Read: Procter & Gamble's Tale of Derivatives Woe (1994) - nice quote from George Soros
"As Mr. Soros himself conceded Wednesday in Congressional testimony on derivatives, "the risks involved are not always fully understood even by sophisticated investors, and I am one of them."

And this was funny.
"The lesson for those who don't has long been clear. In a speech in December, William J. McDonough, president of the Federal Reserve Bank of New York, warned that top managements of financial and nonfinancial companies have a responsibility to understand and constantly monitor derivative markets when their companies are involved in them."

"It's Nov. 2, 1993, and two employees of Bankers Trust Co. are discussing a leveraged derivative deal the bank had recently sold to Procter & Gamble Co. ``They would never know. They would never be able to know how much money was taken out of that,'' says one employee, referring to the huge profits the bank stood to make on the transaction. ``Never, no way, no way,'' replies her colleague. ``That's the beauty of Bankers Trust.''"

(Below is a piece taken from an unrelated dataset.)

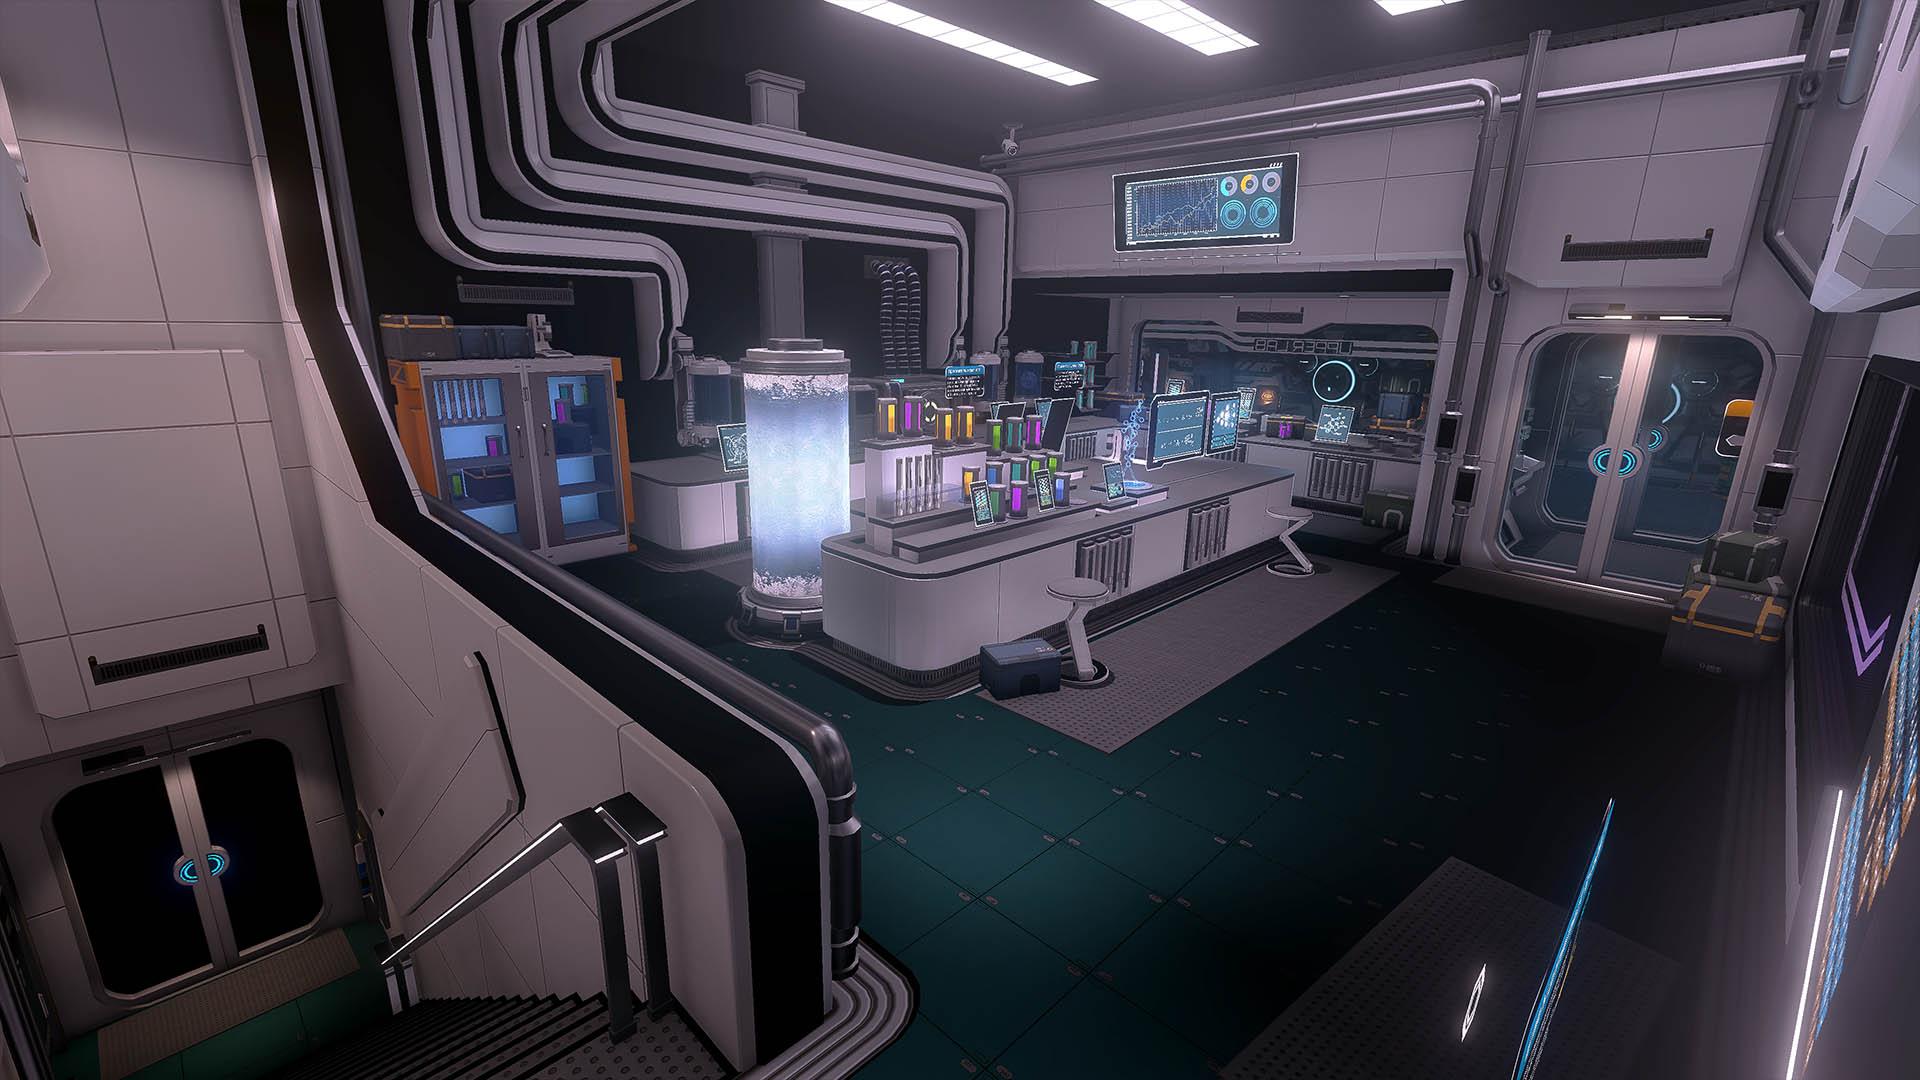 The Station скриншот 7

It looks like from 1980-2007 it was a circus in banking with no regulation and transparency. It was the start of the 30-year structural leverage boom. First the savings & loans junk bond scandal, then interest rate swap blow ups, and finally loan securitizations, CDOs and credit derivatives. BOOM!

This is an interesting article regarding OTC derivatives: "SPECIAL REPORT-In derivatives trade, RIP OTC?" (Reuters). How do you put standardized OTC derivatives on electronic exchanges.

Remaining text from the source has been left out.